简体   繁体   English

错误:下标类型“列表”无效(网络抓取)

[英]Error: invalid subscript type 'list' (Webscraping)

I am trying to web-scrape data from the following url-: https://university.careers360.com/colleges/list-of-degree-colleges-in-India I want to click on each college name and get particular data for each college. 我正在尝试从以下url-中进行数据爬网: https : //university.careers360.com/colleges/list-of-degree-colleges-in-India我想单击每个大学名称并获取特定的数据每个学院。
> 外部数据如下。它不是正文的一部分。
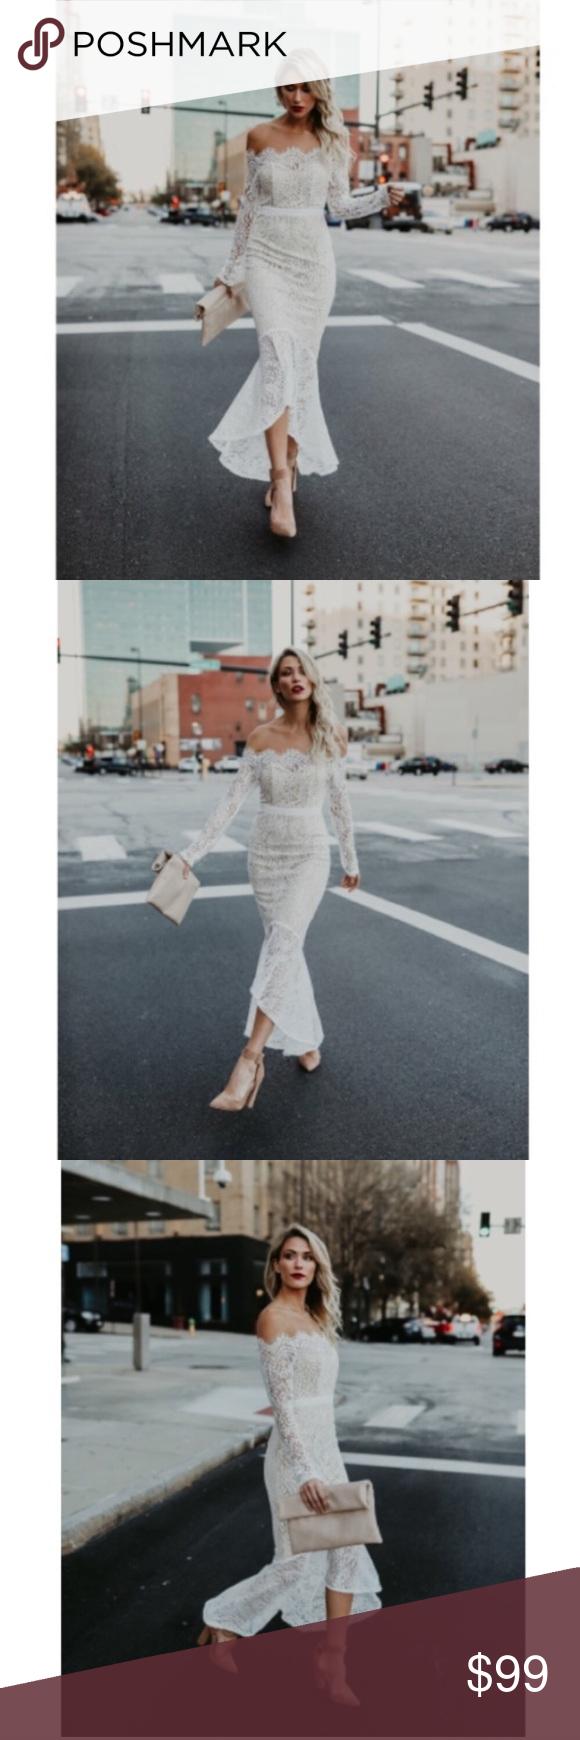 Vici White Elegant Lace Trumpet Dress Dresses Trumpet Dress Tight Wedding Dress [ 1740 x 580 Pixel ]
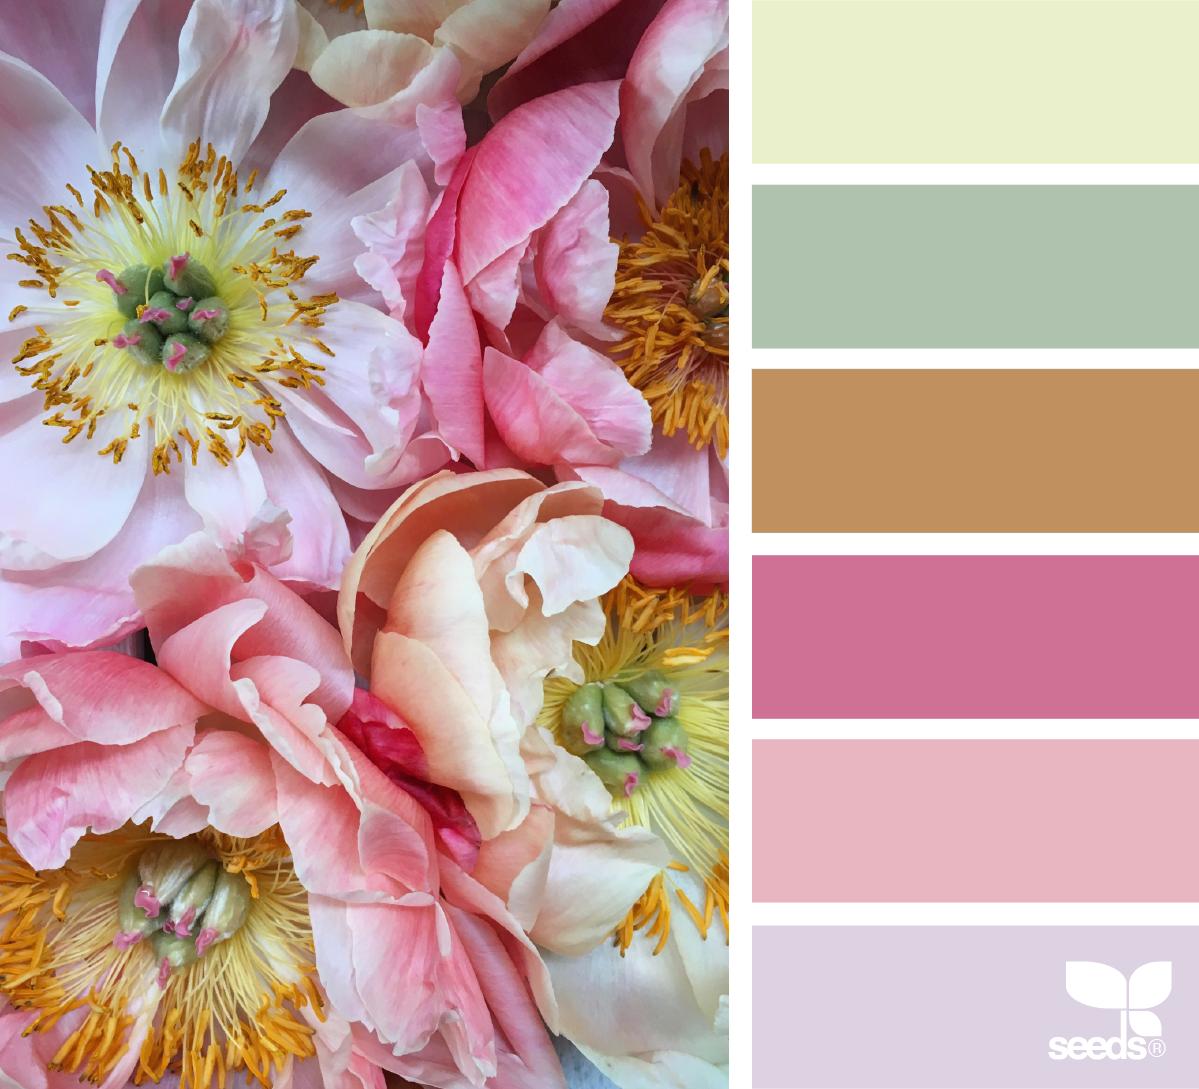 Charmed Flora | Flora, Design seeds and Inspiration

First what I did was to collect all the college urls in a vector-: 首先,我要做的是将所有大学网址收集在一个向量中:

#loading the package:
library(xml2)
library(rvest)
library(stringr)
library(dplyr)

#Specifying the url for desired website to be scrapped
baseurl <- "https://university.careers360.com/colleges/list-of-degree-colleges-in-India"

#Reading the html content from Amazon
basewebpage <- read_html(baseurl)

#Extracting college name and its url
scraplinks <- function(url){
   #Create an html document from the url
   webpage <- xml2::read_html(url)
   #Extract the URLs
   url_ <- webpage %>%
   rvest::html_nodes(".title a") %>%
   rvest::html_attr("href")  
   #Extract the link text
   link_ <- webpage %>%
   rvest::html_nodes(".title a") %>%
   rvest::html_text()
   return(data_frame(link = link_, url = url_))
}

#College names and Urls
allcollegeurls<-scraplinks(baseurl)

#Reading the each url
library(purrr)    
allreadurls<-map(allcollegeurls$url, read_html)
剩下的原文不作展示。